Internet. Uma das maiores invenções do ser humano (não pode falar que é uma das maiores invenções do homem pois senão vem o pessoal antirracismo e antissexismo que odeia homem branco me acusar aqui de sexismo). Senão a maior invenção da história da humanidade. Graças a Internet milhões de gênios que antes estavam calados agora ganharam voz. Com ela, milhões de engenheiros mecânicos, engenheiros aeronáuticos, engenheiros elétricos, engenheiros de computação, engenheiros civis, historiadores, filósofos, tributaristas, médicos, nutricionistas, sociólogos, economistas, matemáticos, epidemiologistas, pilotos de avião, críticos de cinema, críticos de música, estatísticos, fotógrafos, músicos, físicos, biólogos, entendedores de pesquisas de opinião, especialistas em empreendedorismo de palco puderam expressar toda a sua genialidade e inteligência em comentários de portais de notícias e textos espalhados pela Internet.

Sem contar os especialistas em direito criminal e direito penal que vivem dizendo que o código penal é antigo, ultrapassado, arcaico e que deve ser revisto urgentemente. E por revisão entenda-se instituir pena de morte para político corrupto, redução da maioridade penal, corrupção como crime hediondo, cortar o pipi de esTRUpador e outras propostas que não precisam que se use o cérebro para que sejam ditas e sugeridas.

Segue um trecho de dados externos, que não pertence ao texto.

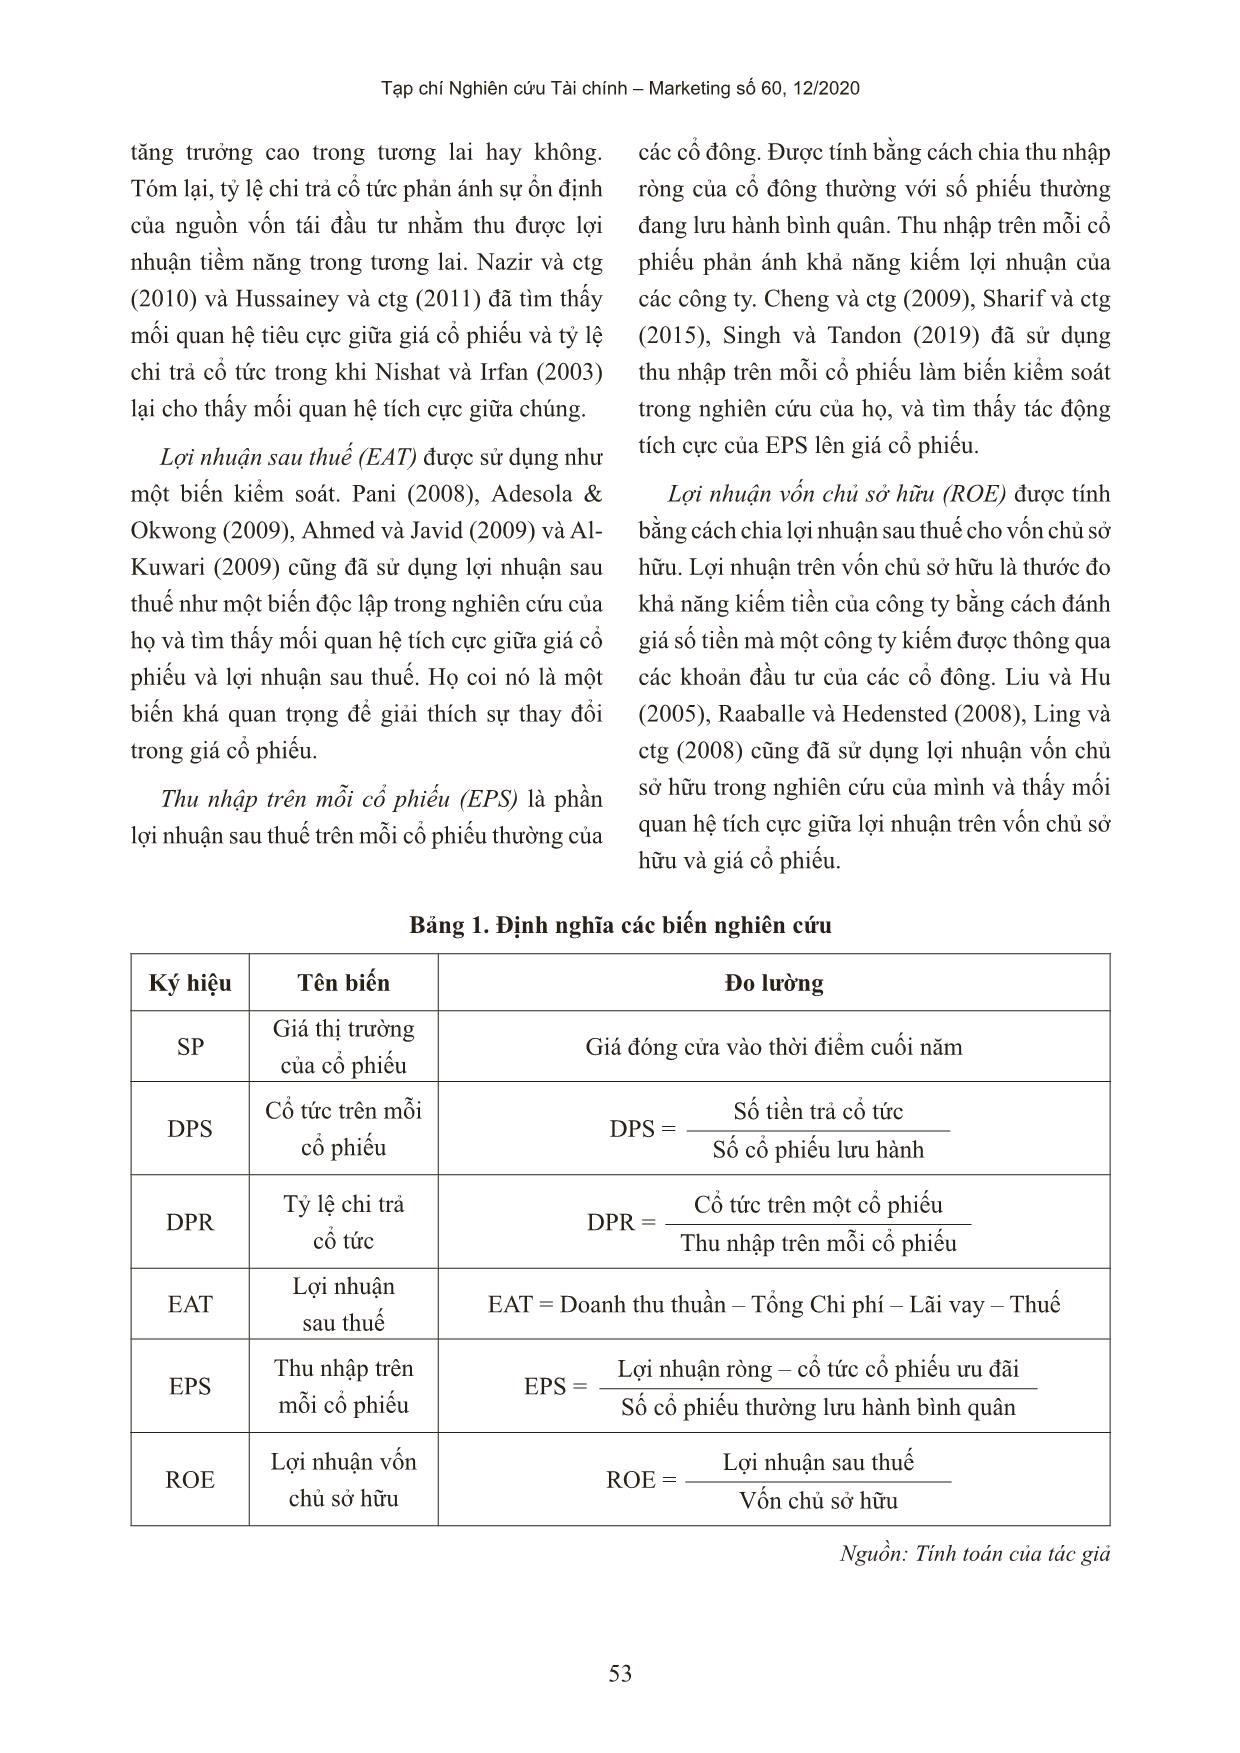 Ảnh hưởng của chính sách cổ tức đến giá cổ phiếu của các công ty niêm yết trên thị trường chứng khoán Việt Nam trang 8

Ah!! E não nos esqueçamos também dos cientistas e analistas políticos, que desde 2010, com a ascensão e consolidação do facebosta e concomitantemente (acho que nunca usei essa palavra aqui no blog) com o declínio e eventual fechamento e encerramento do Orkut, apareceram aos borbotões e desde então aparecem a cada dia mais e mais e que não ficam restritos apenas a seus maravilhosos blogs políticos, a suas soberbas páginas do facebosta e a seus estupendos canais do YouTube, mas aproveitam qualquer canto da Internet para enfiar merda de politicagem mostrarem o quanto eles entendem do que está acontecendo na política do país e, principalmente, para mostrar a solução mágica para todos os problemas da política nacional.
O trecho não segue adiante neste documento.